The siphon was started at 12.07 a.m. on September 23, and at 7.30 p.m. the excavations were filled to the level of the tide.
The mines were fired at three seconds past 2.50 p.m., on September 24, 1876.
The explosion was distinguished by the absence of hurtful shock in the atmosphere, in the water, or under ground.
The elevation of spray, vapor, and gases, projected upward, reached to the height of a hundred and twenty-three feet, measured at the centre and highest point. The quantity of water actually raised was trifling, as evidenced by the almost total absence of a propagated wave. The explosive effort in the air was not perceptible ; the glass in buildings close to the dam, and of one in particular along the shore-line of the shaft itself, not having in a single instance been broken.
The underground shock was trifling, but perceptibly felt in the cities of New York and Brooklyn. Along the line of the reef, a little plastering was dislodged from a ceiling in a house a hundred and fifty yards, and in two houses six thousand yards, from the work.
The new facts obtained by this experience were:
- 1st, that an unlimited amount of explosives, distributed in blast-holes in moderate charges, proportioned to the work to be done, thoroughly confined in the rock, and tamped with water, may be fired without damage to surrounding objects.

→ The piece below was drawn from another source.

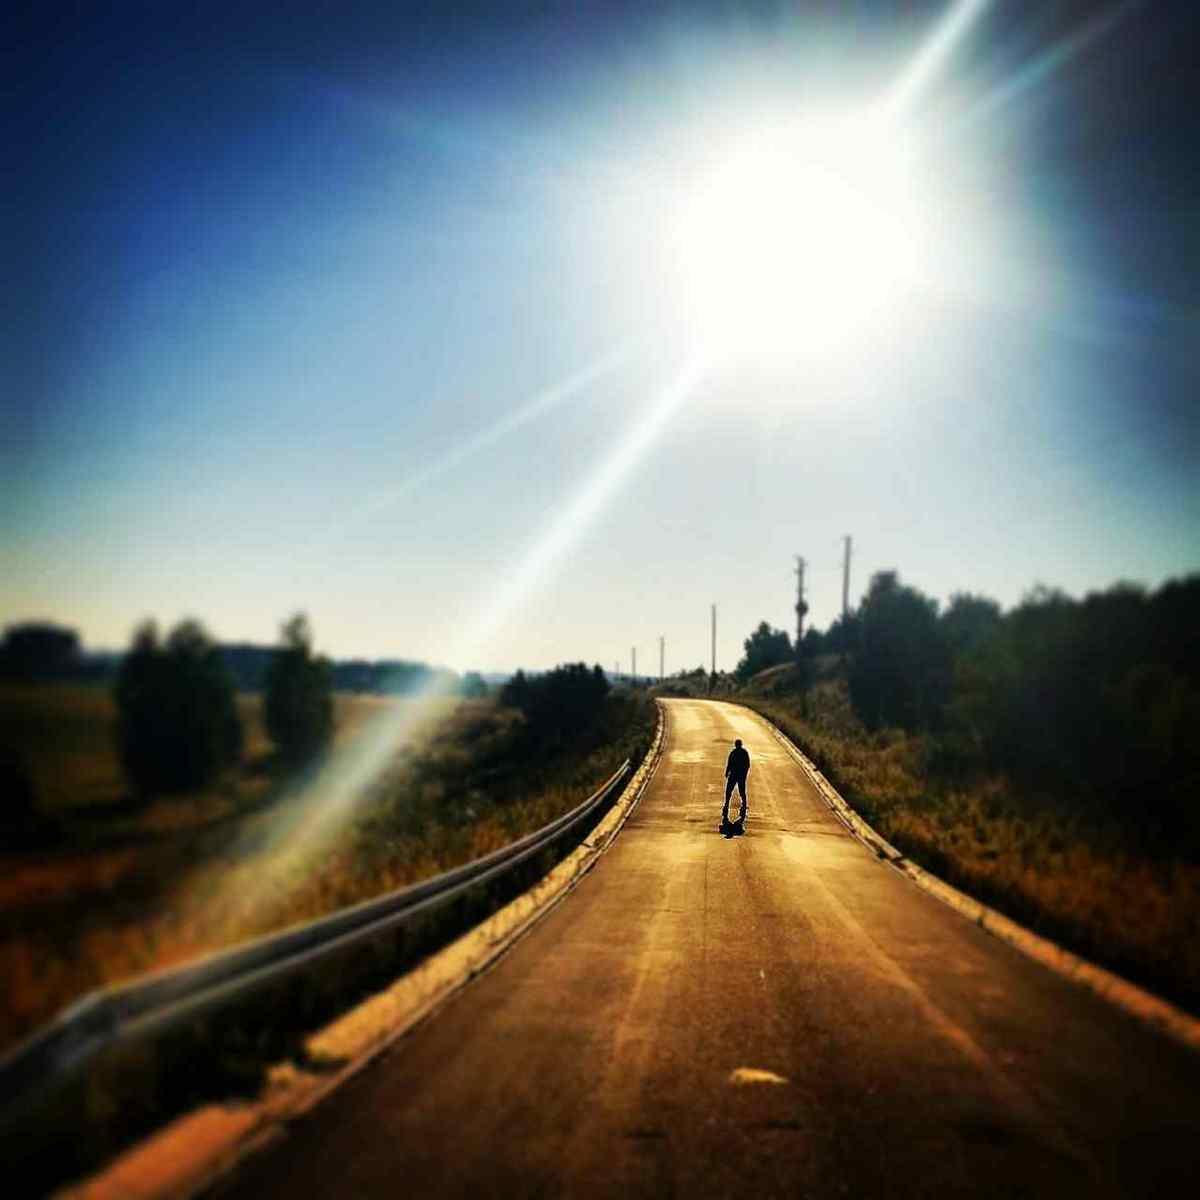 man on road analogy of life journey

- 2nd, that an unlimited number of mines may be simultaneously fired by passing electric currents through the platinum-wire bridges of detonators.
The total cubic contents demolished by the explosion were 63,135 cubic yards solid. On the different suppositions for the broken debris of once and a half, and of twice, the original volume, there would result respectively 94,702.5 and 126,370 cubic yards.
The contractor was set at work removing the broken rock with a steam-grapple. The cost to the government is $2.40 per ton of 2,240 pounds.
The quantity of broken stone to be grappled in order to obtain a depth of twenty-eight feet was 45,488 cubic yards.